Александр Беляев, востоковед, старший преподаватель ИВКА РГГУ, поэт, переводчик
Александр Беляев, востоковед, старший преподаватель Института восточных культур и античности РГГУ, поэт, переводчик

Имена людей, означенных в заглавии, бытуют у нас странным образом. Шкала оценок их деятельности распределена от восторгов до непонимания и кривых усмешек с оттенком неприятия. И первые и последние реакции как формы нездорового ажиотажа малоинтересны. Интересны (кому интересны) сами тексты, способы их чтения и перечитывания. Я в данном случае ратую за способ поэтический, благо сами тексты не то чтобы напрашиваются на подобное прочтение и восприятие, но вполне располагают к этому.

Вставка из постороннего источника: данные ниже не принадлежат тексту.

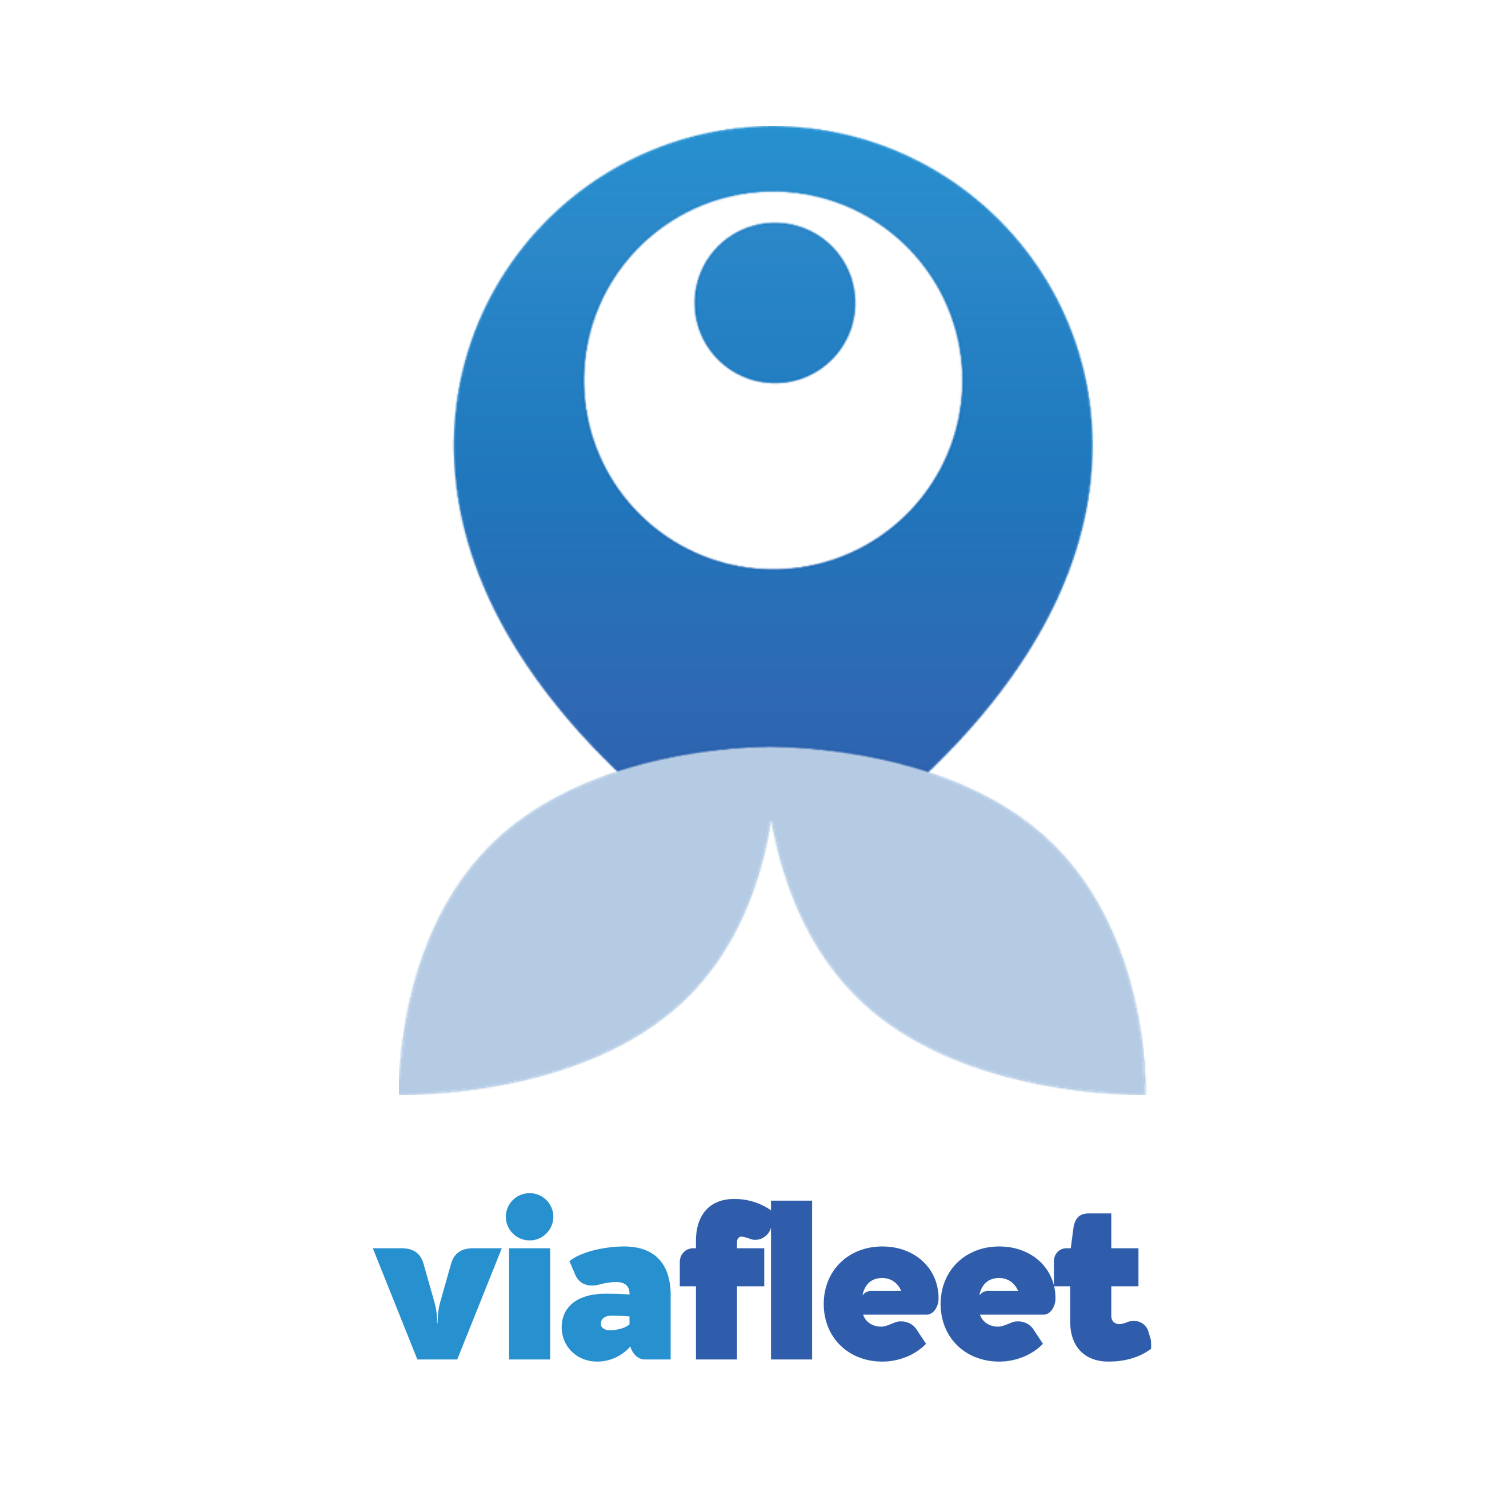 Viafleet fleet management simple

Кто все эти люди? Если отойти от своеобразно окрашенных, обобщающих, а значит, огрубляющих наименований вроде постмодернизма и постструктурализма, это просто мыслители, философы, критики, писатели. Главное — писатели-интеллектуалы, причем здесь это словосочетание перестает быть оксюмороном. Авторы забавной и совершенно неверно понятой некоторыми нами идеи смерти автора сами обладают достаточным личным обаянием, весьма изощренной авторской манерой высказывания и выстраивания, пардон, дискурса, чтобы относиться к ним просто-напросто как к писателям, скрипторам (выражение Деррида, см. его «Почтовую карточку»). Именно подобным образом мне хочется их расценивать как в рамках этого эссе, так и вообще, в принципе.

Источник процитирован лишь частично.